TEFAF New York'a 10 dakikalık yürüme mesafesinde 4 sanat sergisi

OgreMan

Global Mod
Global Mod
Avrupa Güzel Sanatlar Vakfı'nın fuarı TEFAF New York'ta ziyaretçilerin ilgisini çekecek sanat eserleri eksik olmuyor. Ama duvarların hemen dışında Park Avenue CephaneliğiEtkinliğin bu yıl da yeniden düzenlendiği Yukarı Doğu Yakası'ndaki yakındaki galeriler, sanatı incelemek ve satın almak için çok daha fazla fırsat sunuyor.

Özellikle dört güncel sergi, ticaret fuarına giderken veya ticaret fuarını ziyaret ettikten sonra yapılacak bir tur için mükemmeldir ve hepsi cephaneliğe ve birbirlerine 10 dakikalık yürüme mesafesindedir. Güzel bir bahar gününde bu blokların arasında yürümek özel bir zevktir.


Sergilerde, 20. yüzyıl sanat hareketlerinin, özellikle de modernizmin karmaşık akımlarını resimleyen ve inceleyen sanatçılar sergileniyor.


Dört sergiden üçünün şehir evlerinde veya malikanelerde gerçekleşmesi biraz gerginlik yaratıyor: Ev ortamı, kendinizi eserlerin sahibi olarak hayal etmenize ve başarılarınızı evinizin duvarlarına gelişigüzel asmanıza olanak tanıyor.

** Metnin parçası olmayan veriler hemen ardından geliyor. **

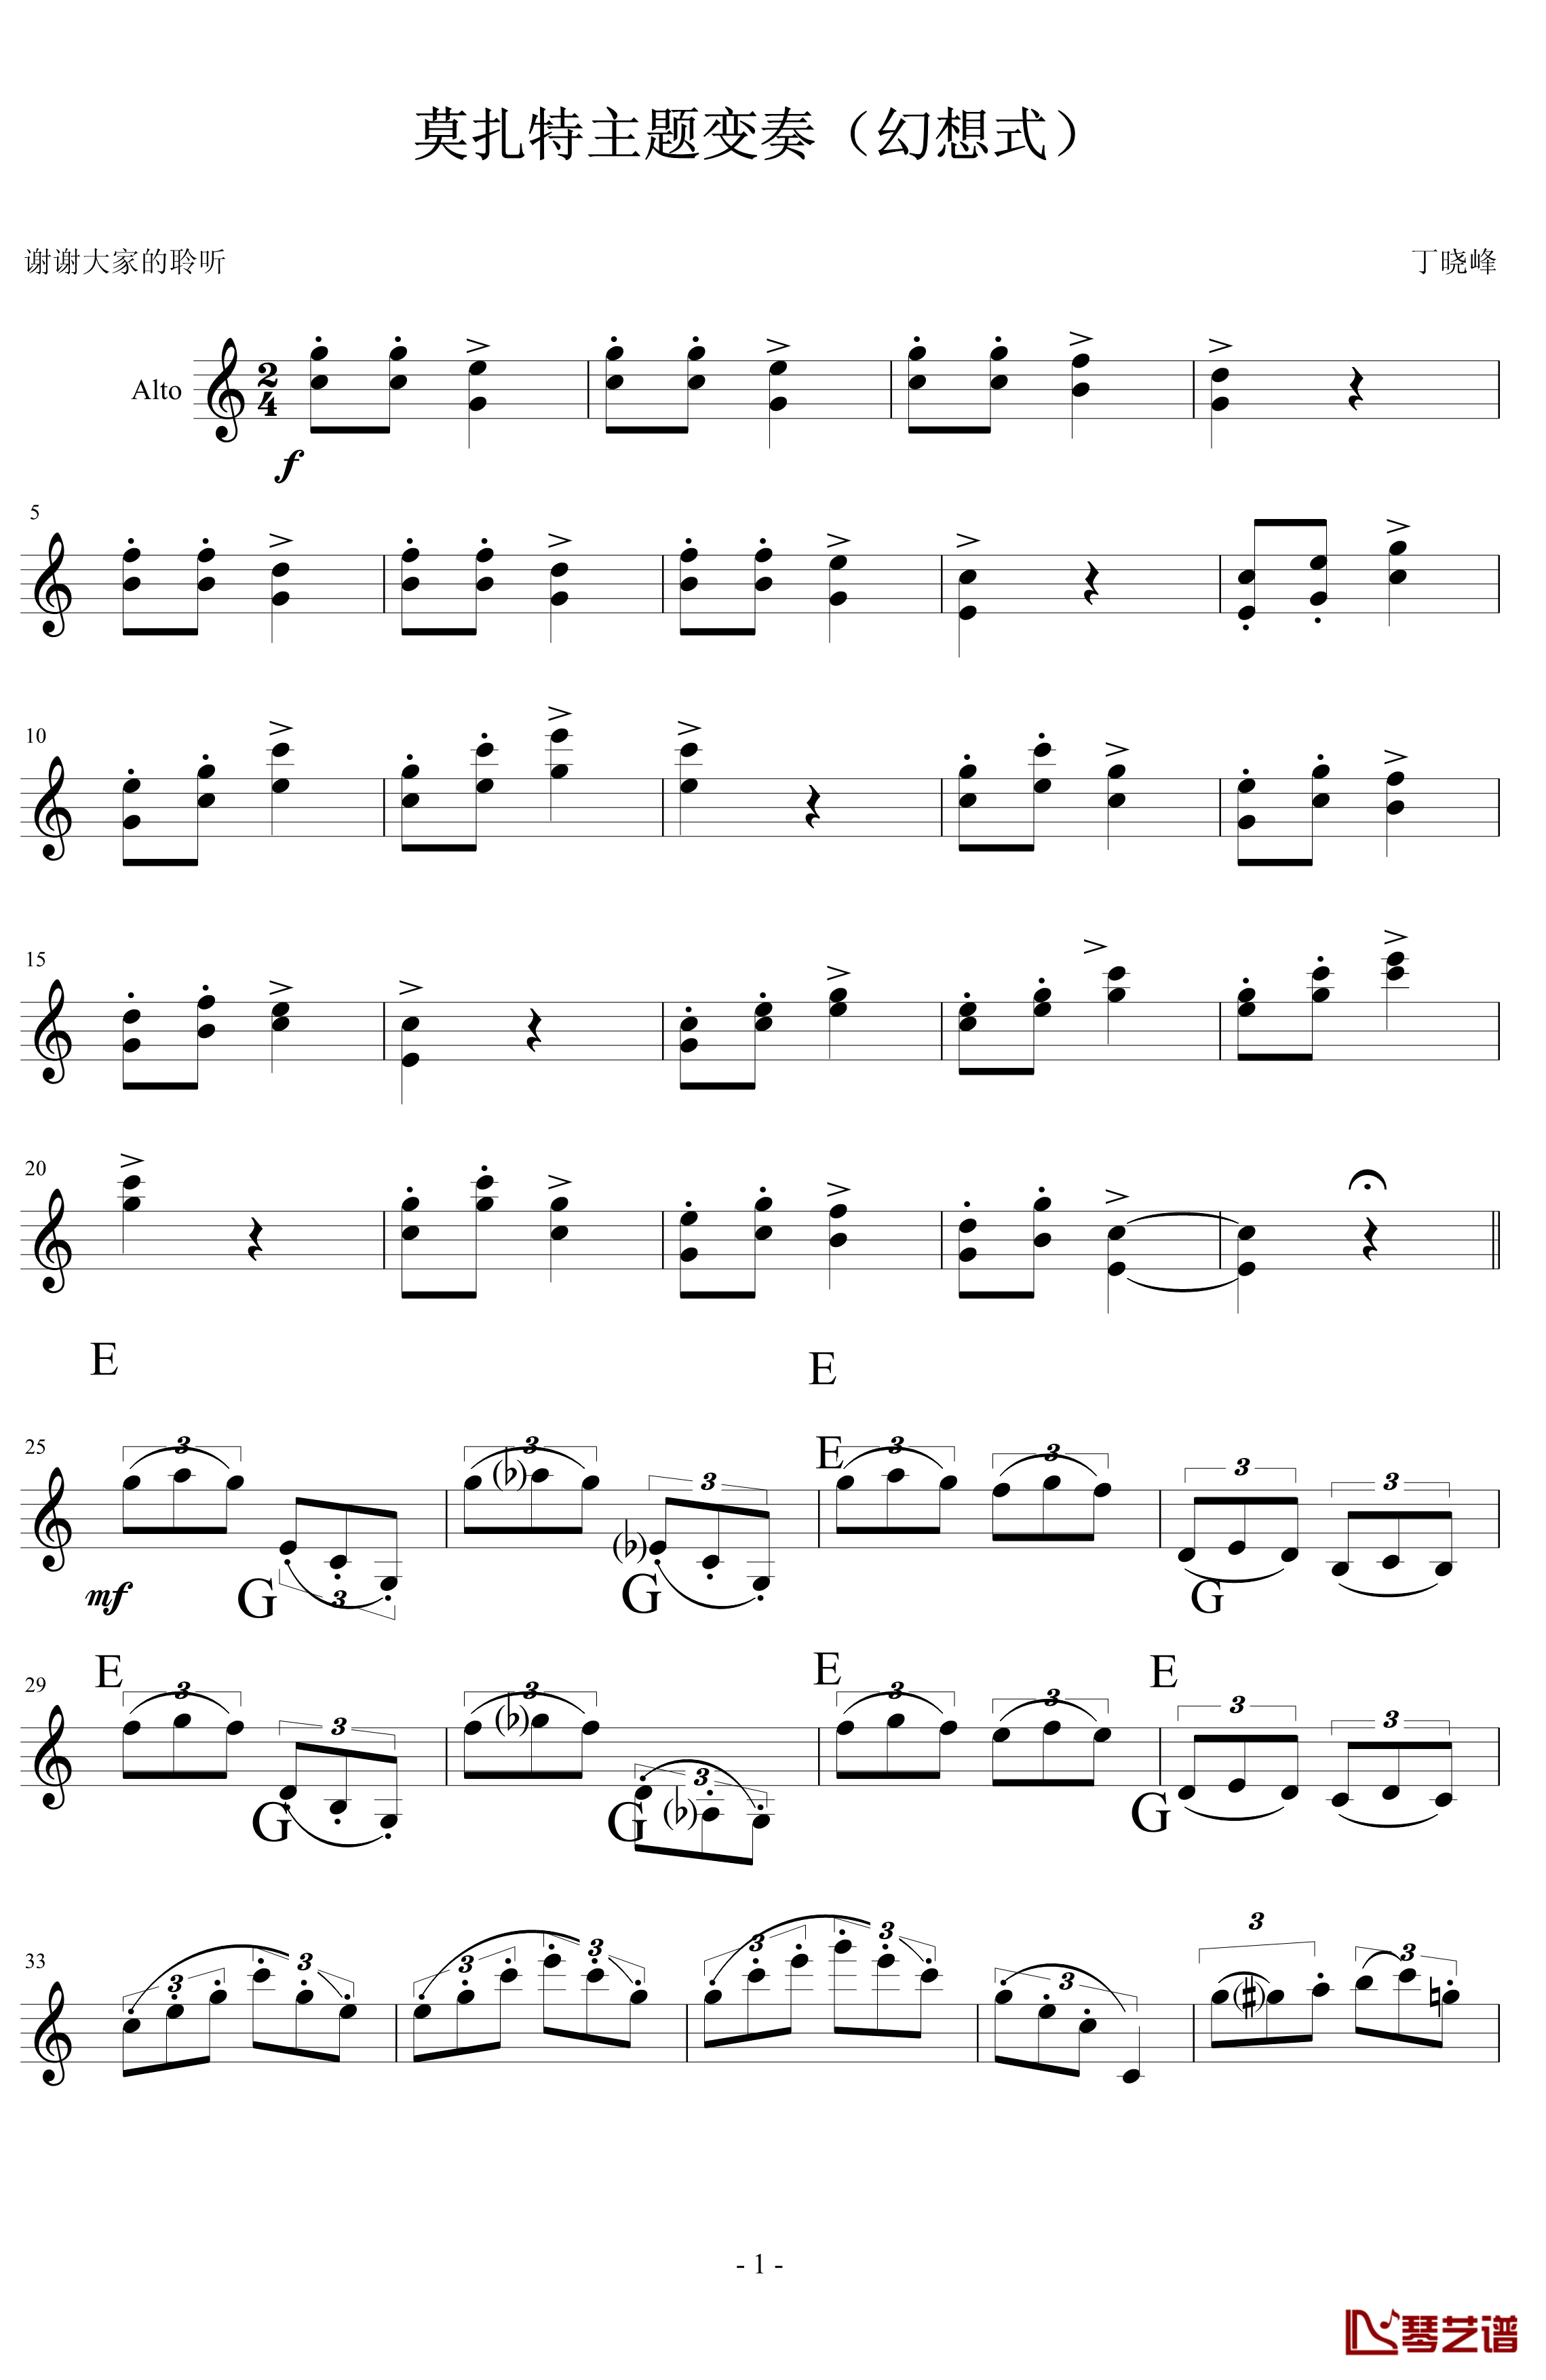 莫扎特主题炫技变奏曲钢琴谱-小提琴版-莫扎特1

Rosenberg & Co.19 Doğu 66. Cadde

Geçen yıl 101 yaşında hayatını kaybeden Françoise Gilot, ilk kez 1964 tarihli anı kitabı “Picasso'yla Yaşam”la ön plana çıktı; burada kendisinden yaşça büyük sanatçıyla onlarca yıl süren ilişkisini ayrıntılarıyla anlattı; 1948'den ünlü bir Robert Capa Fotoğraf Picasso'nun kumda yürürken üzerinde şemsiye tuttuğu tasviri efsaneyi güçlendirdi. Daha pek çok kitap yazdı ve çocuk felci aşısının mucidi Jonas Salk ile evlendi.

Gilot'un kendisi de ömür boyu bir sanatçıydı; bu, New York'ta eserlerinin ölümünden sonra düzenlenen ilk sergisi olan 3 Temmuz'a kadar sergilenen 36 farklı eserin de gösterdiği gibi. Picasso, “Kırmızı Arka Planlı Pablo (Les yeux basilic)” (1944) adlı grafit ve karakalem çiziminde yer alıyor ve etkisi eserlerde açıkça görülüyor – ancak birçok sanatçı üzerinde etkisi vardı.


Gösteriyi birkaç çalışanla birlikte düzenleyen bayi Marianne Rosenberg'in hedefi Gilot'un ürün yelpazesini göstermekti. Gilot'u aile bağlarından tanıyan Rosenberg, “Onun yalnızca Picasso ile anılmasından nefret ediyorum” dedi; Büyükbabası, Picasso'nun eserleri için bir pazar yaratılmasına yardımcı olan ve 20. yüzyılın başlarında etkili bir sanat satıcısı olan Paul Rosenberg'di.


Sergilenen eserler arasında Fransız şairi tasvir eden büyüleyici derecede sade bir mürekkep portresi olan “Paul Éluard” (1951) ve 1958 tarihli yağlıboya natürmort “Ayçiçekleri” yer alıyor. Gilot, çalışmaları geliştikçe soyutlamayı giderek daha fazla keşfetmeye başladı ve bu, genellikle tercih ettiği bir renk olan geniş kırmızı alanların yer aldığı August Stillness (1997) tablosu gibi çalışmalarla sonuçlandı.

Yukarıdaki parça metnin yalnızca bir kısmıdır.